Flavorful Southern Fried Chicken
The recipe Flavorful Southern Fried Chicken could satisfy your Southern craving in around 40 minutes. This recipe covers 24% of your daily requirements of vitamins and minerals. This recipe makes 4 servings with 511 calories, 34g of protein, and 20g of fat each. It works well as a rather inexpensive main course. Head to the store and pick up salt, poultry seasoning, milk, and a few other things to make it today. To use up the pepper you could follow this main course with the Easy Peppermint Dessert as a dessert. Fried chicken with beer is fabulous, Flavorful Southern Collard Greens, and Best Southern Fried Chicken.
Instructions
In a large plastic bag, combine the flour, Parmesan cheese, bread crumbs, poultry seasoning, onion powder, garlic powder, salt and pepper. Shake to mix.
Heat the oil in a large skillet over medium heat until a drop of water evaporates immediately. Dip one piece of chicken at a time into the milk, and then place in the bag with the coating. Shake until fully coated.
Place in the frying pan, and continue with remaining chicken.
Cook until the edges are browned, then flip and cook until browned on the other side. If some chicken is done sooner, keep on a paper towel lined plate in a warm oven, so that the chicken is all still warm at serving time.
Recommended wine: Riesling, Sparkling Wine, Zinfandel
Southern works really well with Riesling, Sparkling Wine, and Zinfandel. In general, there are a few rules that will help you pair wine with southern food. Food-friendly riesling or sparkling white wine will work with many fried foods, while zinfandel is great with barbecued fare. The Von Winning Winnings Riesling with a 4 out of 5 star rating seems like a good match. It costs about 20 dollars per bottle.

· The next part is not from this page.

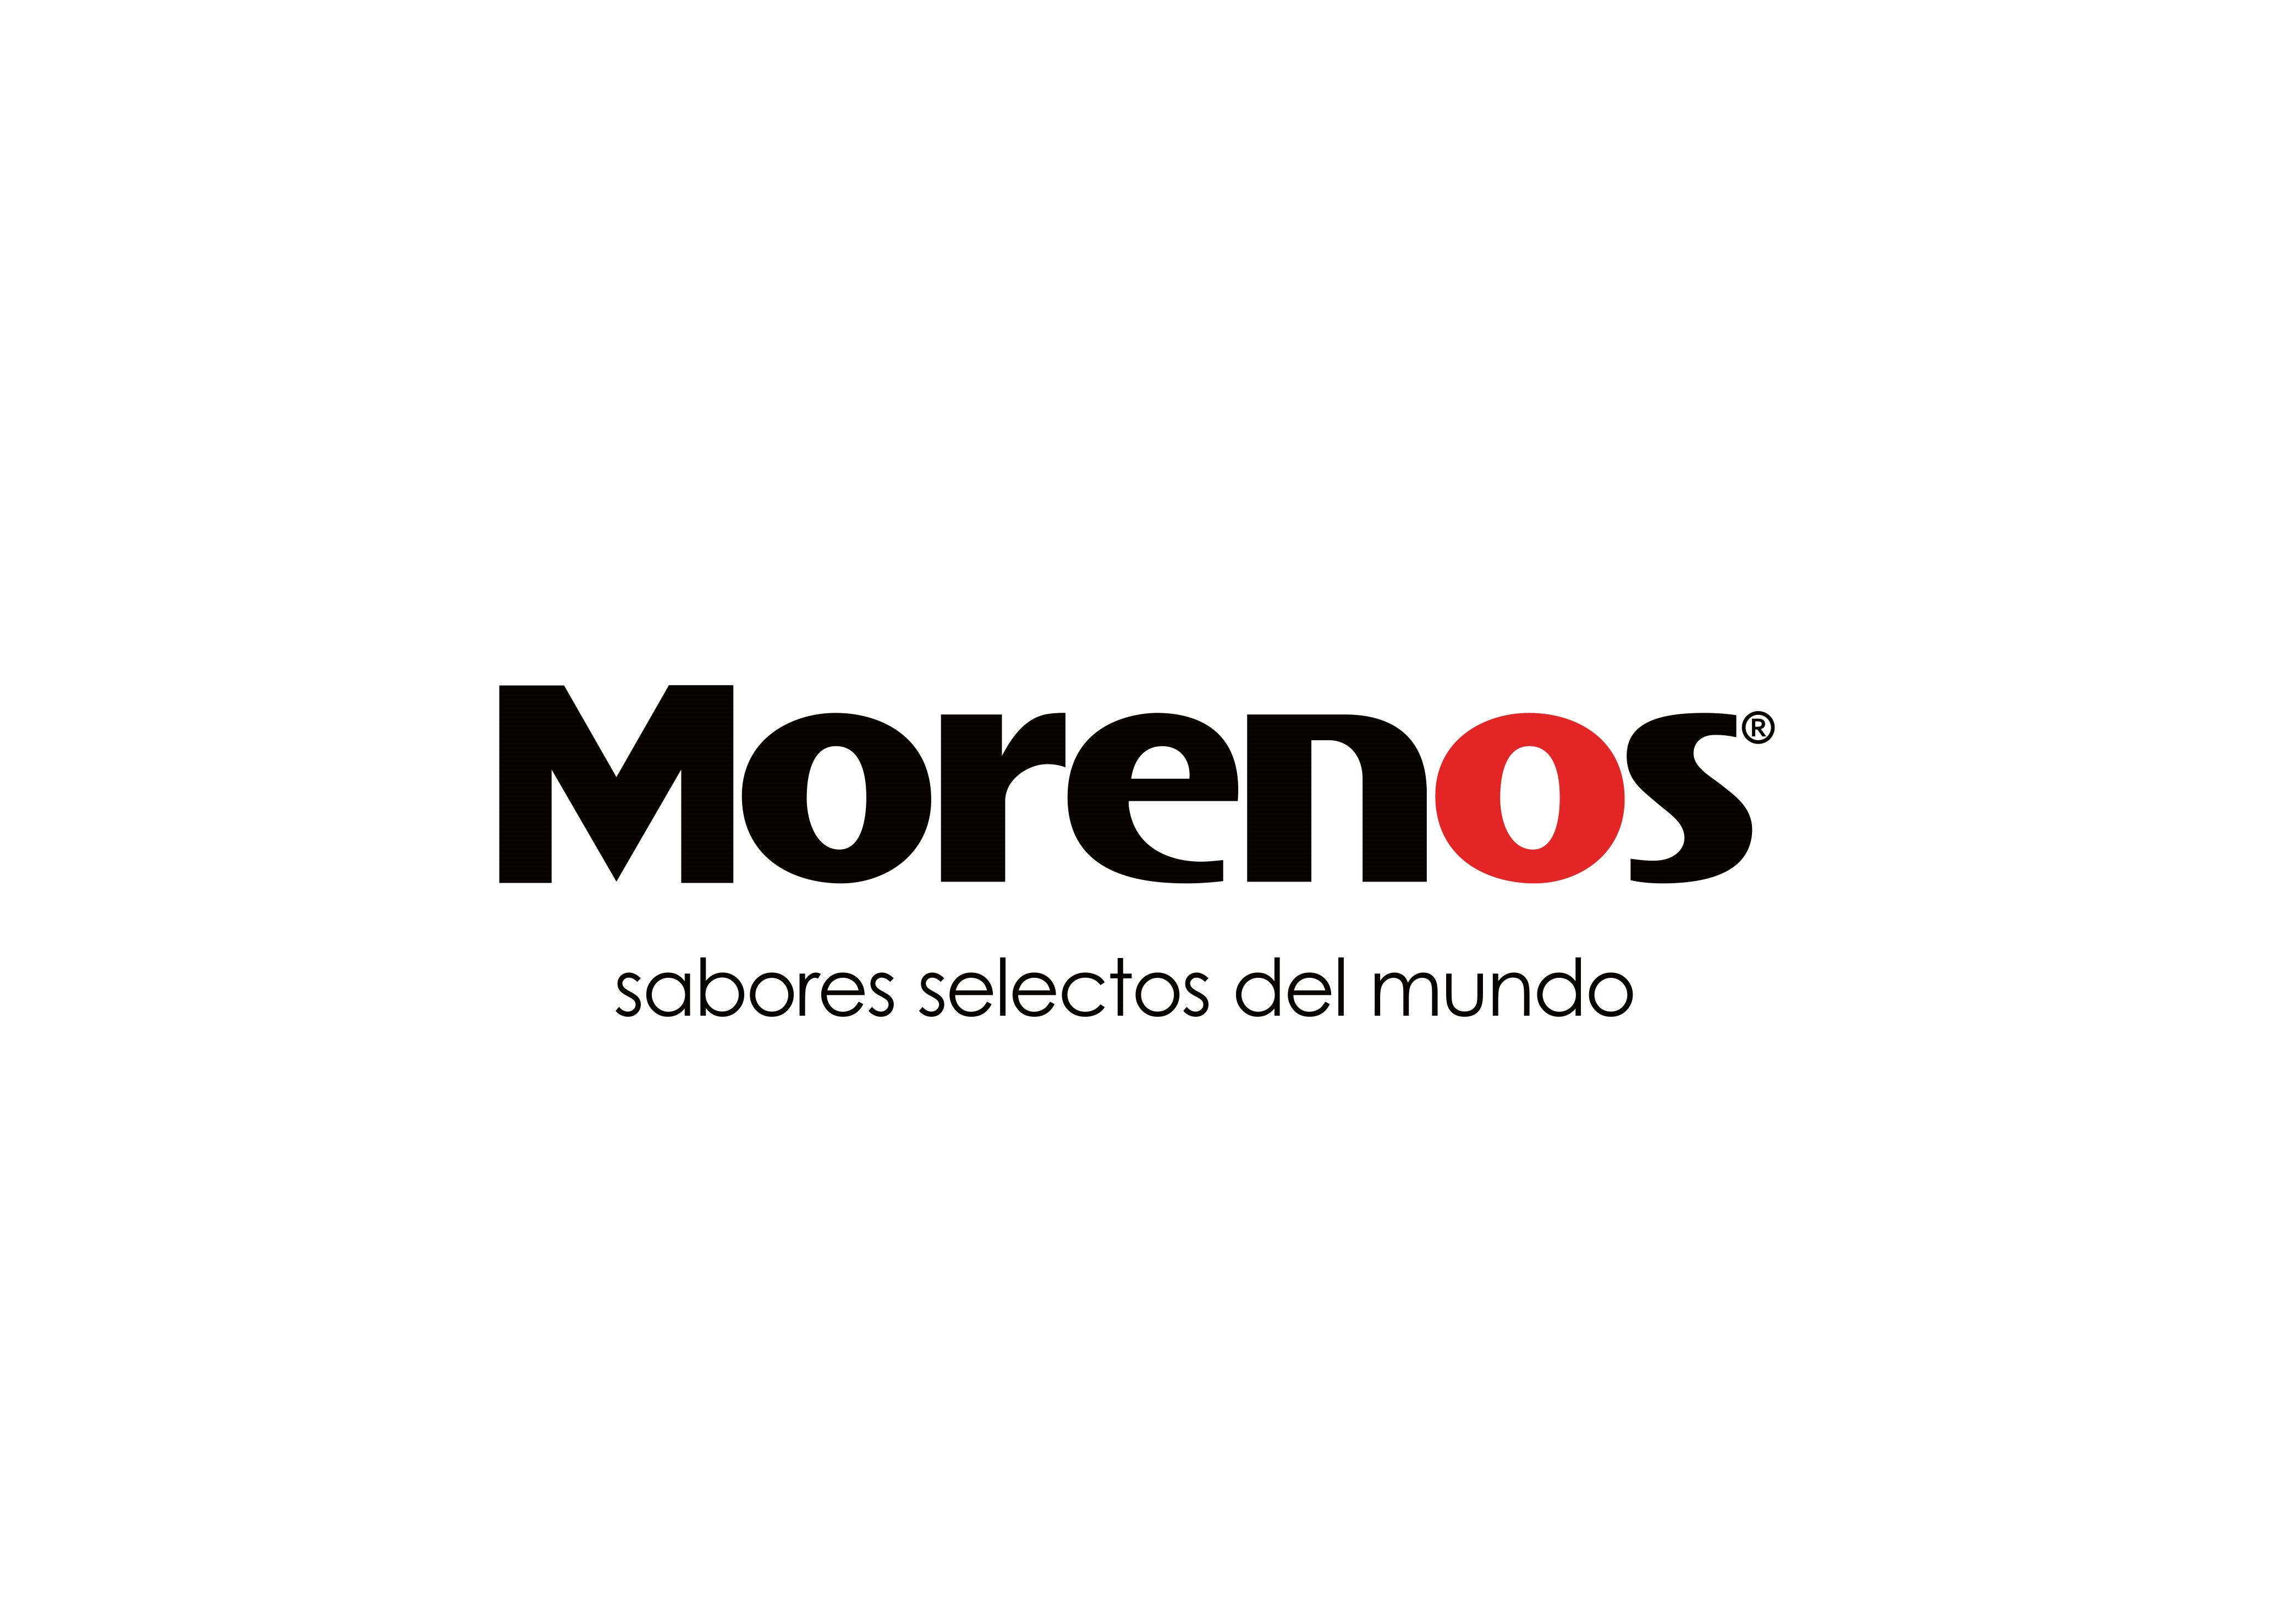 Morenos SAS

![Von Winning Winnings Riesling]()
Von Winning Winnings Riesling
If you loved the 2014 — and if you didn't, we need to send out a search party for your heart — you’ll find this one happy, happy, happy. Stronger than '14, it's also both drier and richer. And that’s as it should be; the pittance of sweetness it contains will rise and fall with the structure of each year's wine, because that's what sensible vintners do. The others just set up a formula and the wine"“has—XY— grams of sugar and zat's zat." Not Winnings Riesling. This will always be teasingly dry and teasingly sweet so you’ll keep changing your mind ("Wait, it's a dry wine, no, it's a sweet wine, no wait, it's a dry wine again….") while the bottle empties faster than you could have imagined.